Covance has given more details of its plans for China, with CEO Joe Herring suggesting there will not be a big shift in work from the US and Europe to the nation.
This idea is underpinned by Herring’s belief that there will be “large equilibrium in labour rates”, which would reduce the appeal of operating in China.
Despite this Covance is still pursuing its expansion into China, following the temporary blip resulting from the collapse of the deal with WuXi.
In the second half of 2009 Herring predicts that multi-nationals will start to want to conduct work in animal models in China but is unconcerned by Covance’s likely inability to fulfill these needs.
This is in part due to the sums of money involved, with Herring referring to two leading pharmaceutical companies that were both seeking to take out $300,000 to $400,000 preclinical contracts in China late next year.
Owing to the scale of these contracts Herring said Covance will not be making a “massive investment” in China and will look to grow as the market grows.

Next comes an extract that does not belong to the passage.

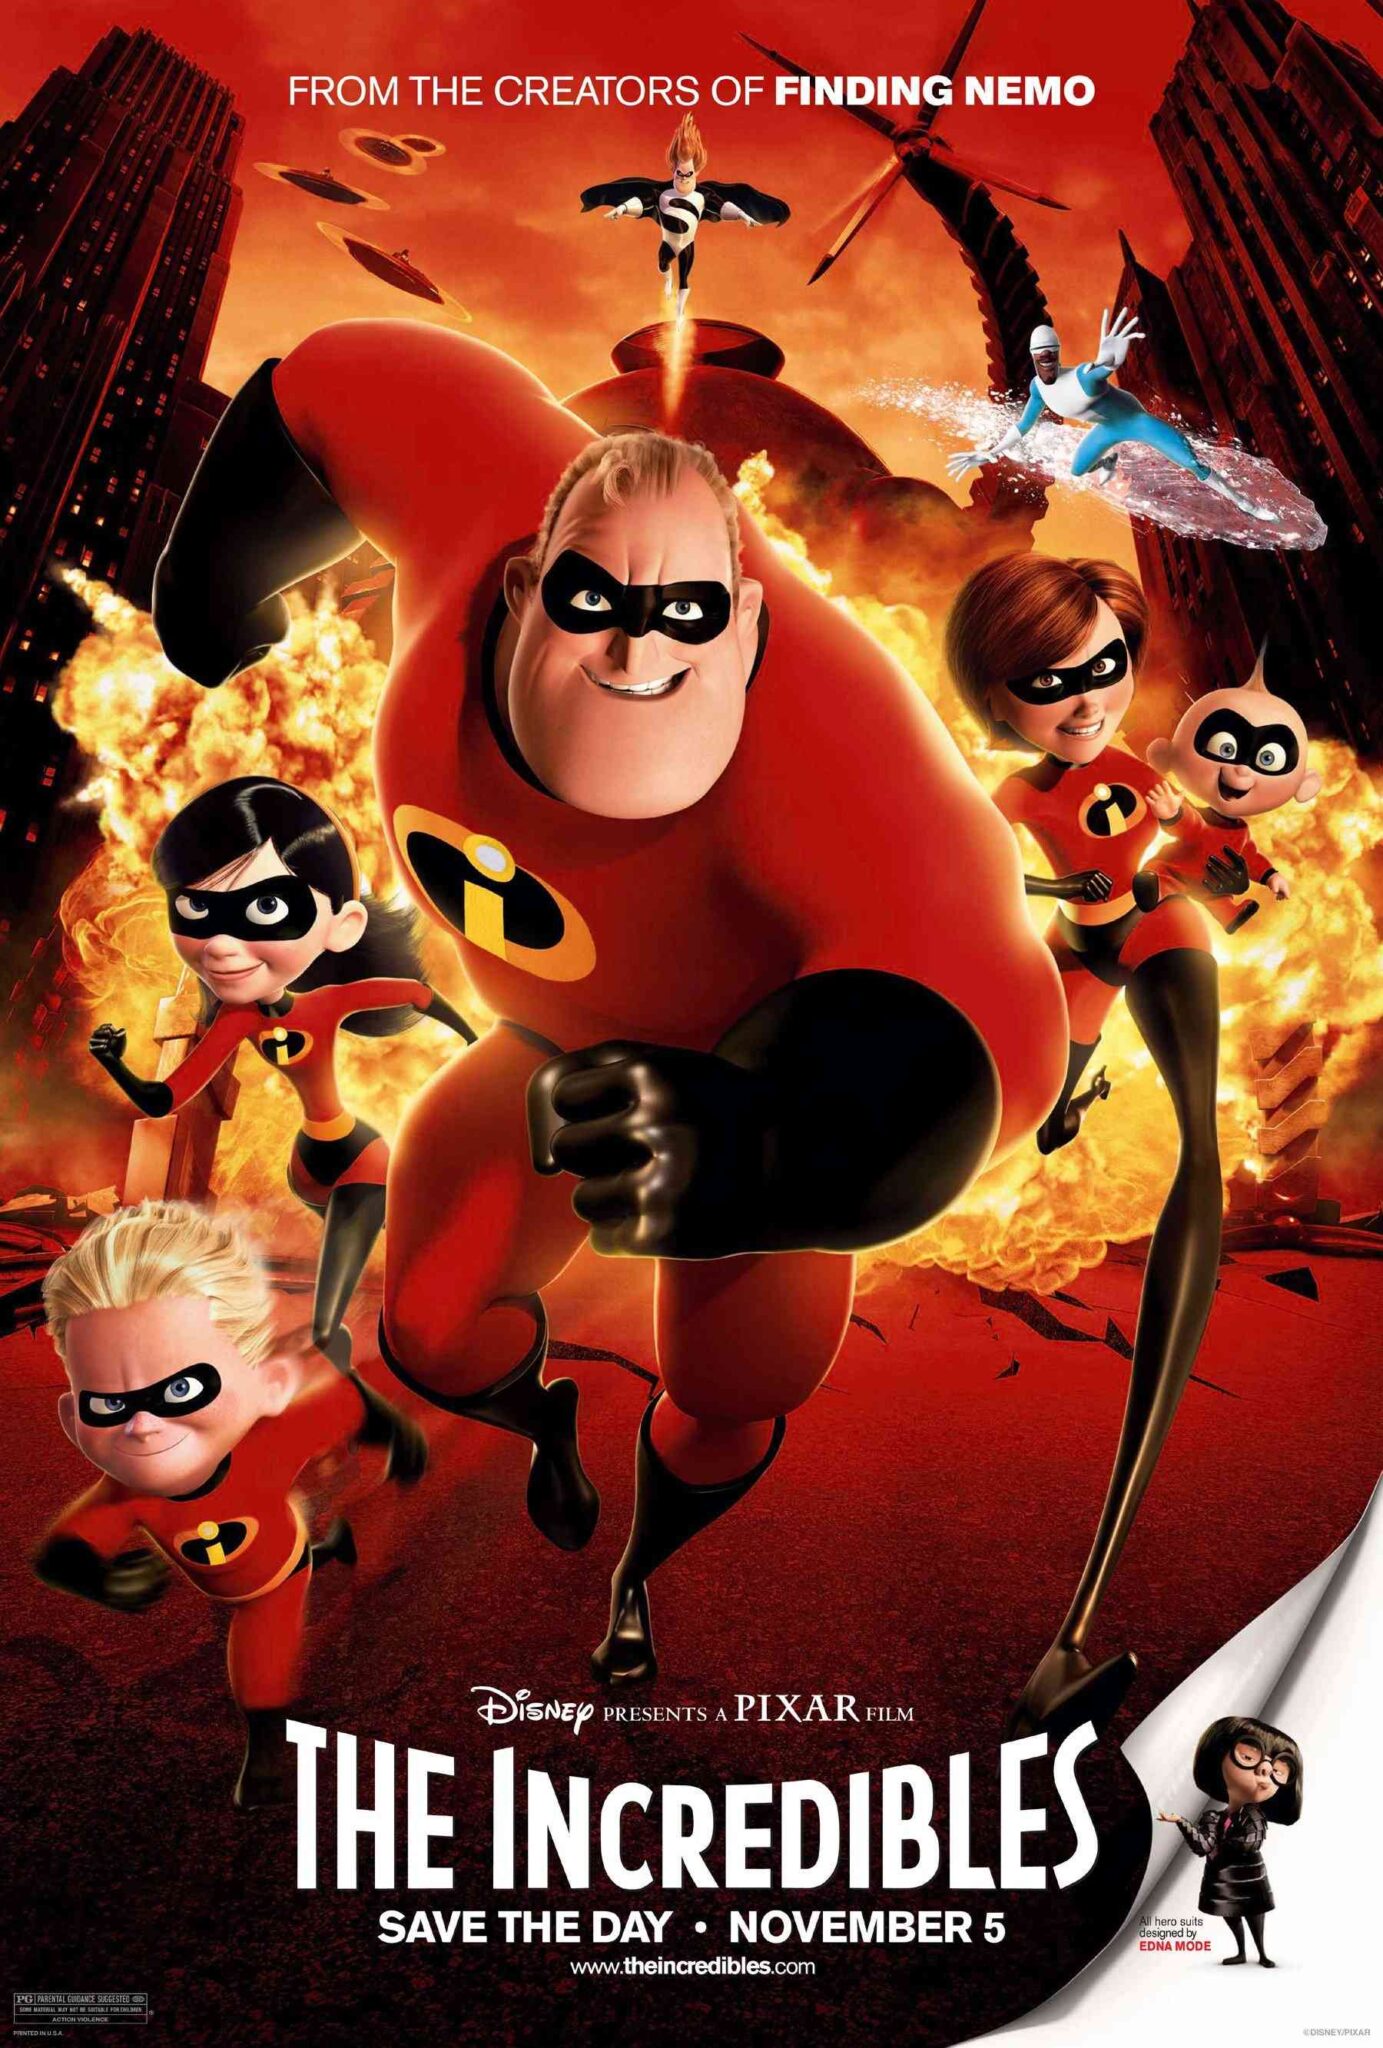 FULL MOVIE: The Incredibles (2004)

The intention now is to have the preclinical site operational around 2011, which would add to Covance’s current capacity in China.
While admitting that “it would be great if [Covance] had a facility online” by late 2009, Herring remained confident that if Covance has preclinical space in China by 2011 the company “will do fine” in the nation.
Land is yet to be purchased for the preclinical facility, which Covance claims will be a match for the standards in its US and European sites.